23:57:52 monitoring: level=info ts=2021-10-14T18:27:52.176Z caller=main.go:431 build_context="(go=go1.16.4, user=root@f27daa3b3fec, date=20210512-18:04:51)"
23:57:52 monitoring: level=info ts=2021-10-14T18:27:52.176Z caller=main.go:432 host_details="(Linux 5.10.25-linuxkit #1 SMP Tue Mar 23 09:27:39 UTC 2021 x86_64 monitoring (none))"
23:57:52 monitoring: level=info ts=2021-10-14T18:27:52.176Z caller=main.go:433 fd_limits="(soft=1048576, hard=1048576)"
23:57:52 monitoring: level=info ts=2021-10-14T18:27:52.177Z caller=main.go:434 vm_limits="(soft=unlimited, hard=unlimited)"
23:57:52 monitoring: level=info ts=2021-10-14T18:27:52.303Z caller=web.go:540 component=web msg="Start listening for connections" address=:9090
23:57:52 monitoring: level=info ts=2021-10-14T18:27:52.316Z caller=main.go:803 msg="Starting TSDB ..."

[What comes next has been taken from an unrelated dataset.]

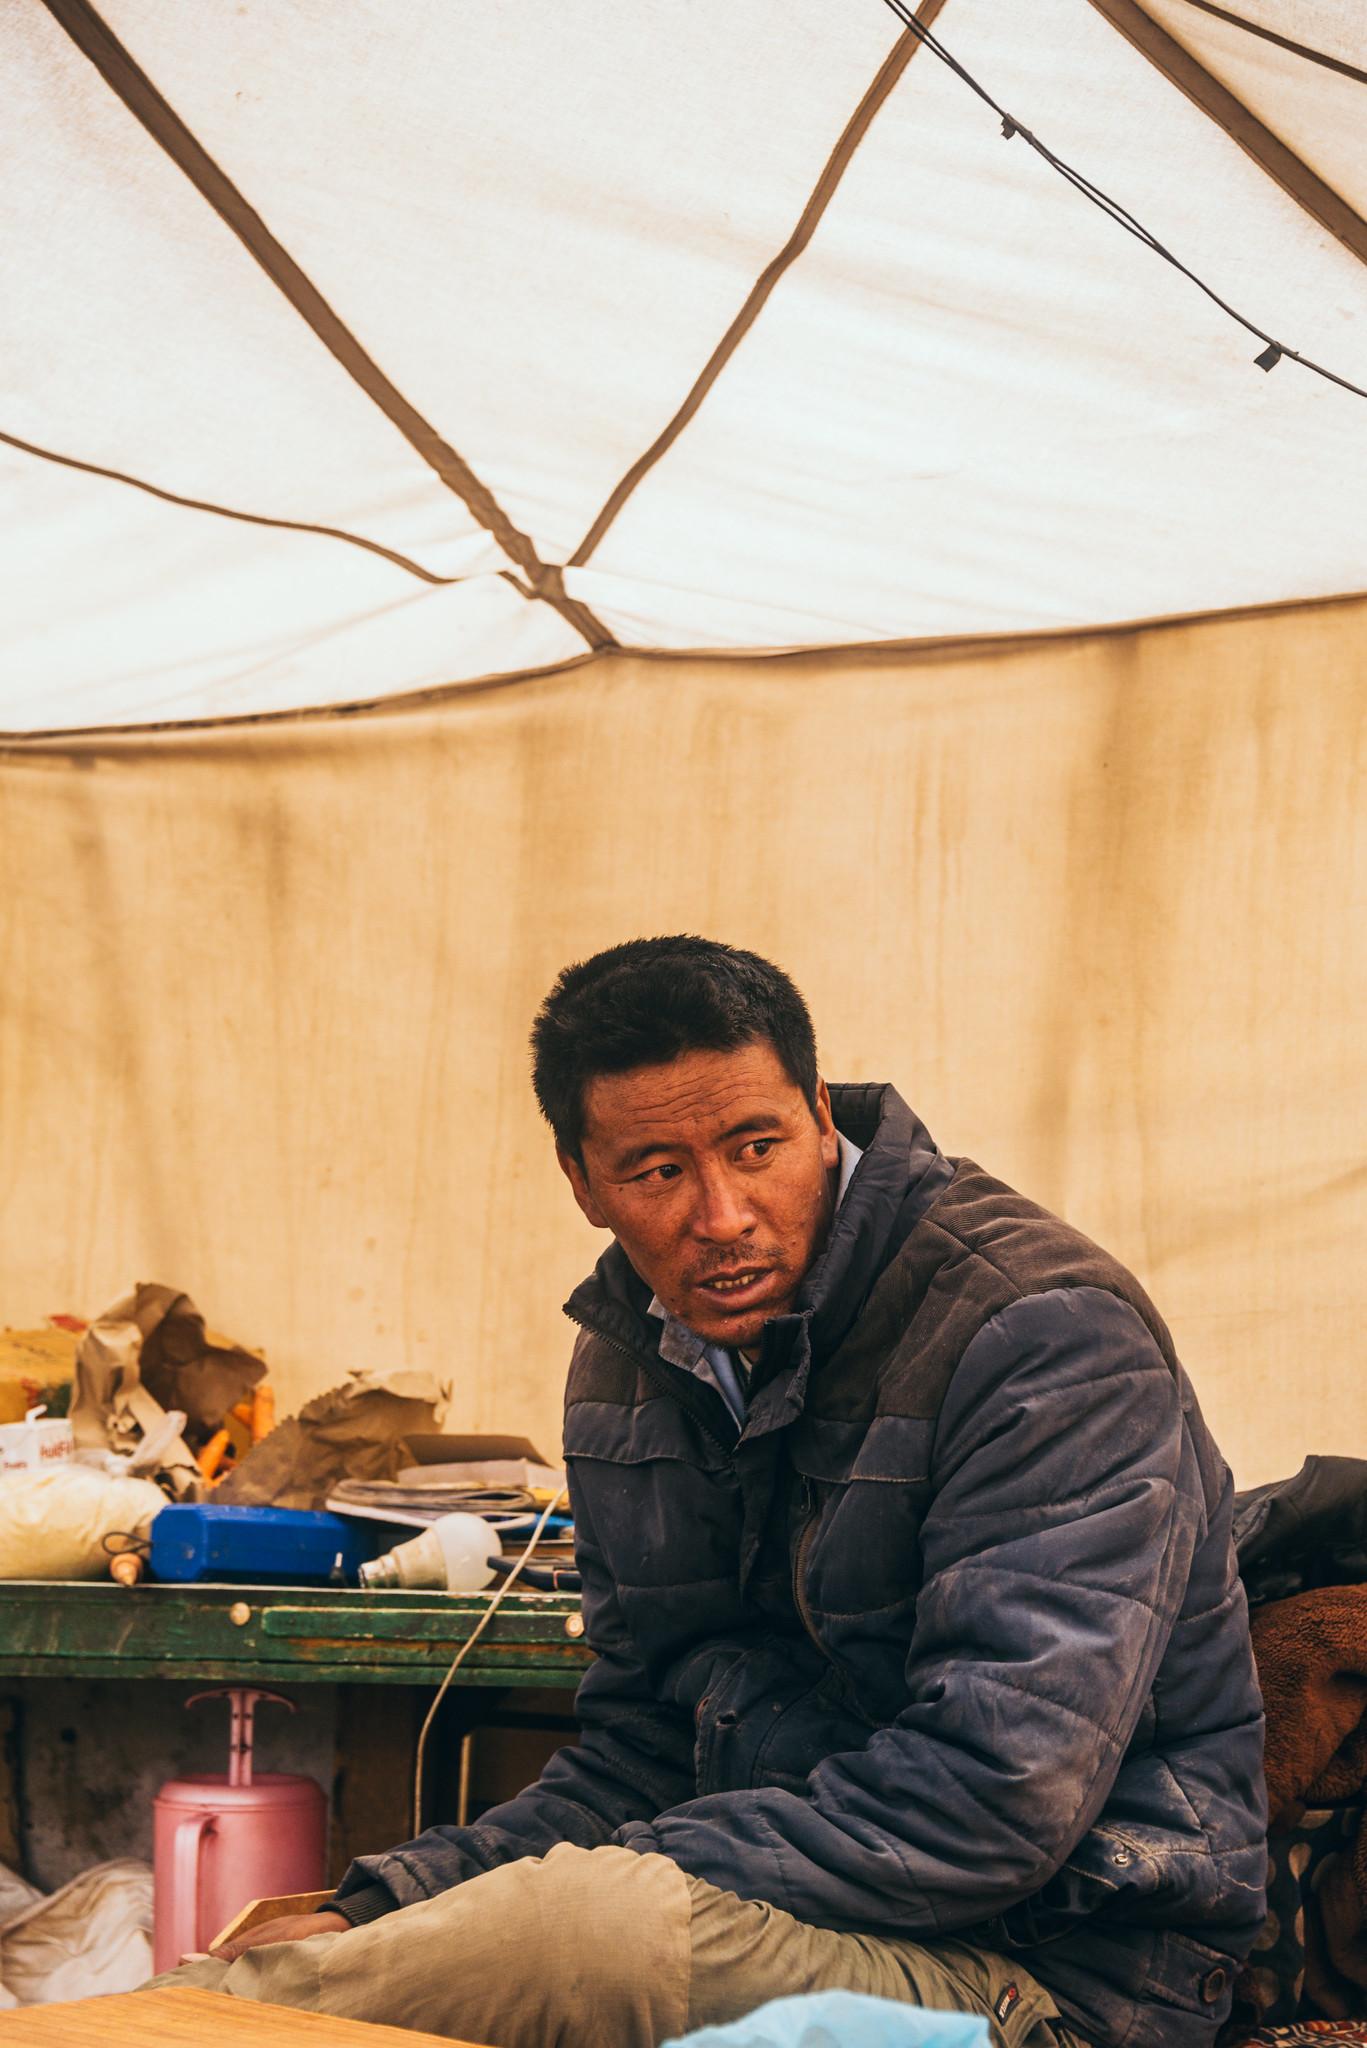 A Man in Canteen Tent

23:57:52 monitoring: level=info ts=2021-10-14T18:27:52.376Z caller=tls_config.go:191 component=web msg="TLS is disabled." http2=false
23:57:52 monitoring: level=info ts=2021-10-14T18:27:52.488Z caller=head.go:741 component=tsdb msg="Replaying on-disk memory mappable chunks if any"
23:57:52 monitoring: level=info ts=2021-10-14T18:27:52.489Z caller=head.go:755 component=tsdb msg="On-disk memory mappable chunks replay completed" duration=45.5µs
23:57:52 monitoring: level=info ts=2021-10-14T18:27:52.491Z caller=head.go:761 component=tsdb msg="Replaying WAL, this may take a while"

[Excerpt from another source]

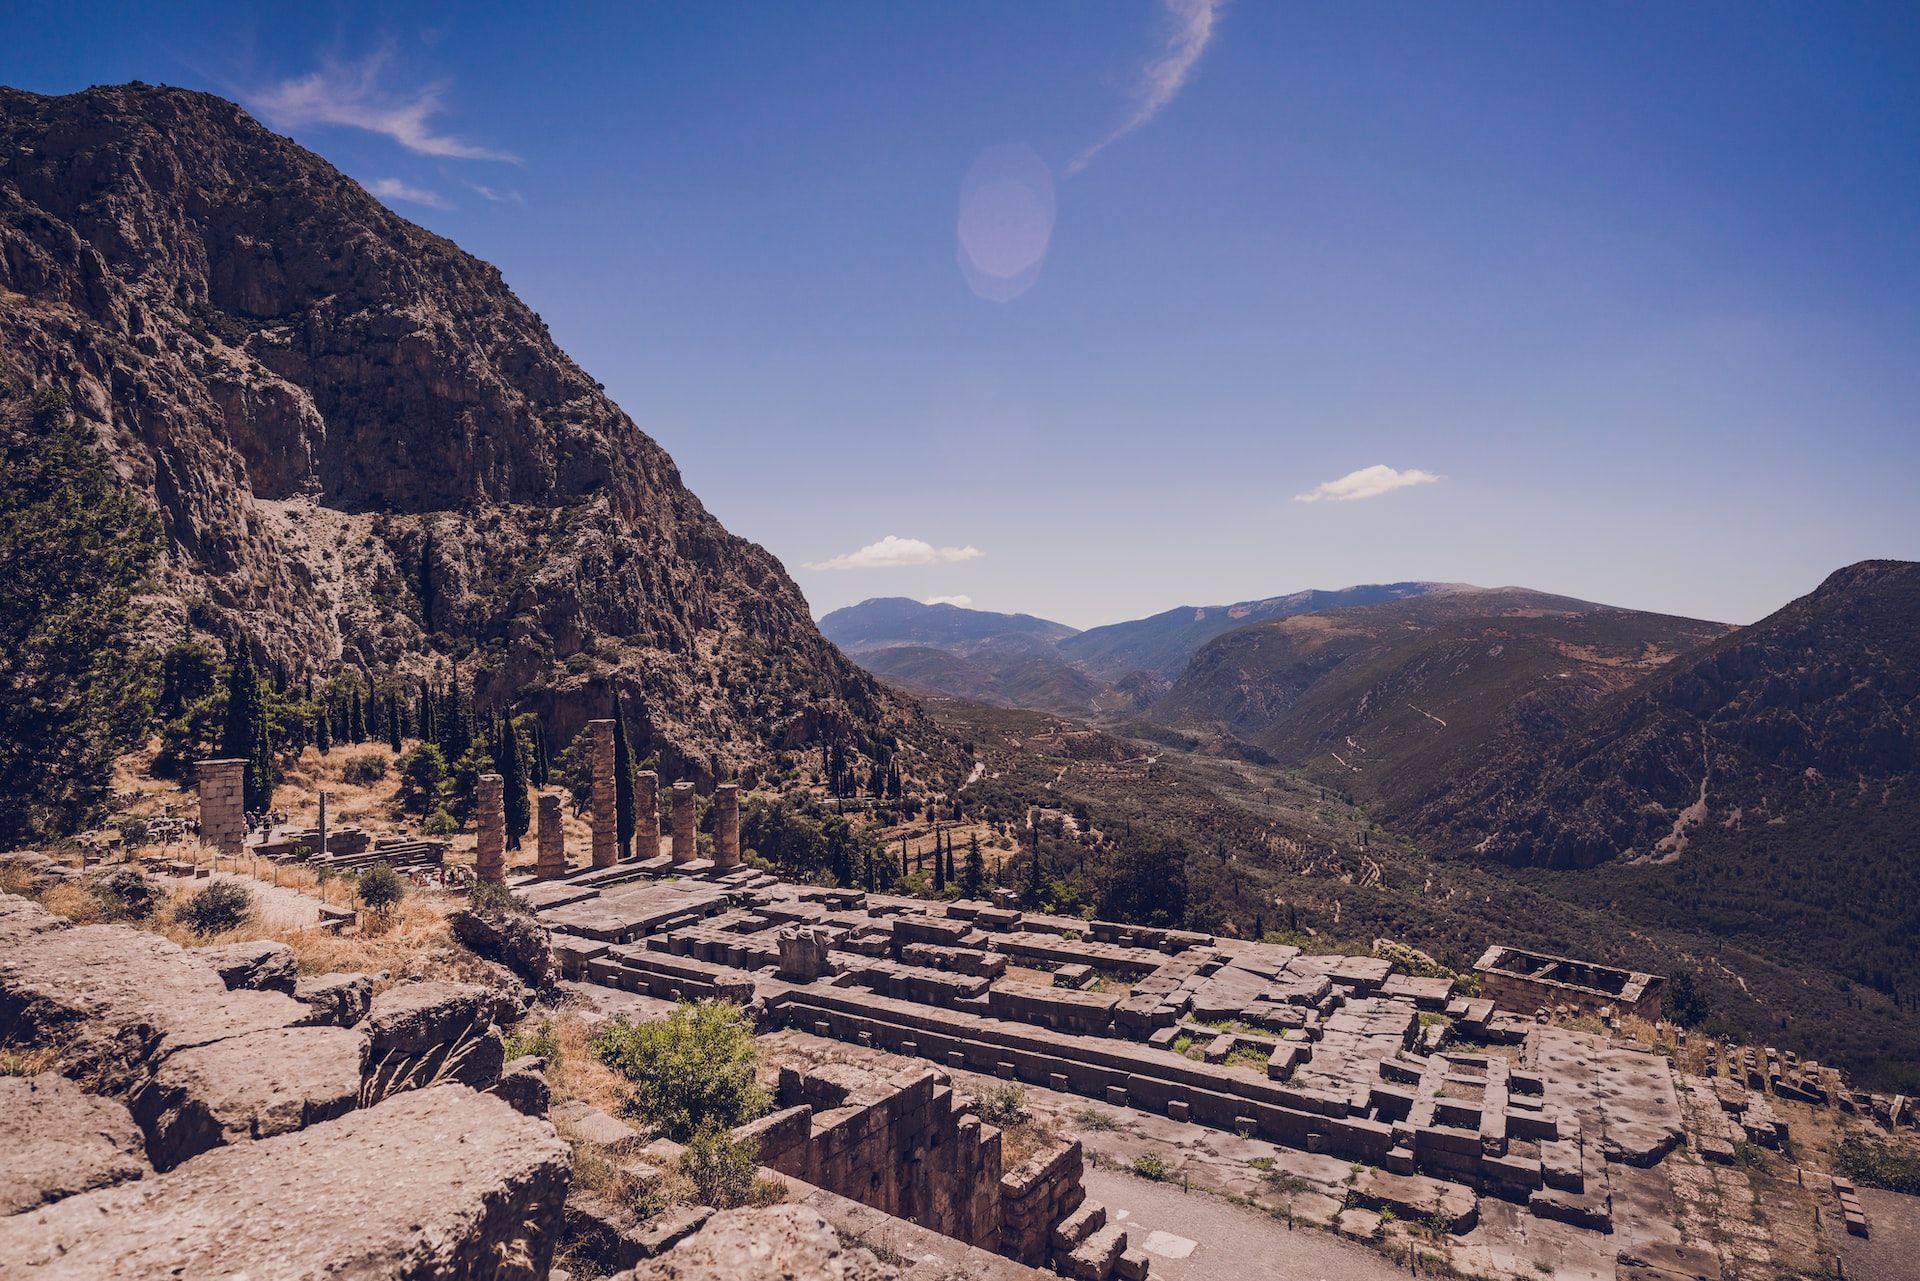 The ancient ruins at Delphi, Greece, against a dramatic backdrops of undulating hills and valleys

23:57:52 monitoring: level=info ts=2021-10-14T18:27:52.506Z caller=head.go:813 component=tsdb msg="WAL segment loaded" segment=0 maxSegment=0
23:57:52 monitoring: level=info ts=2021-10-14T18:27:52.506Z caller=head.go:818 component=tsdb msg="WAL replay completed" checkpoint_replay_duration=9.6788ms wal_replay_duration=5.0222ms total_replay_duration=17.7563ms
23:57:52 monitoring: level=info ts=2021-10-14T18:27:52.548Z caller=main.go:828 fs_type=65735546
23:57:52 monitoring: level=info ts=2021-10-14T18:27:52.549Z caller=main.go:831 msg="TSDB started"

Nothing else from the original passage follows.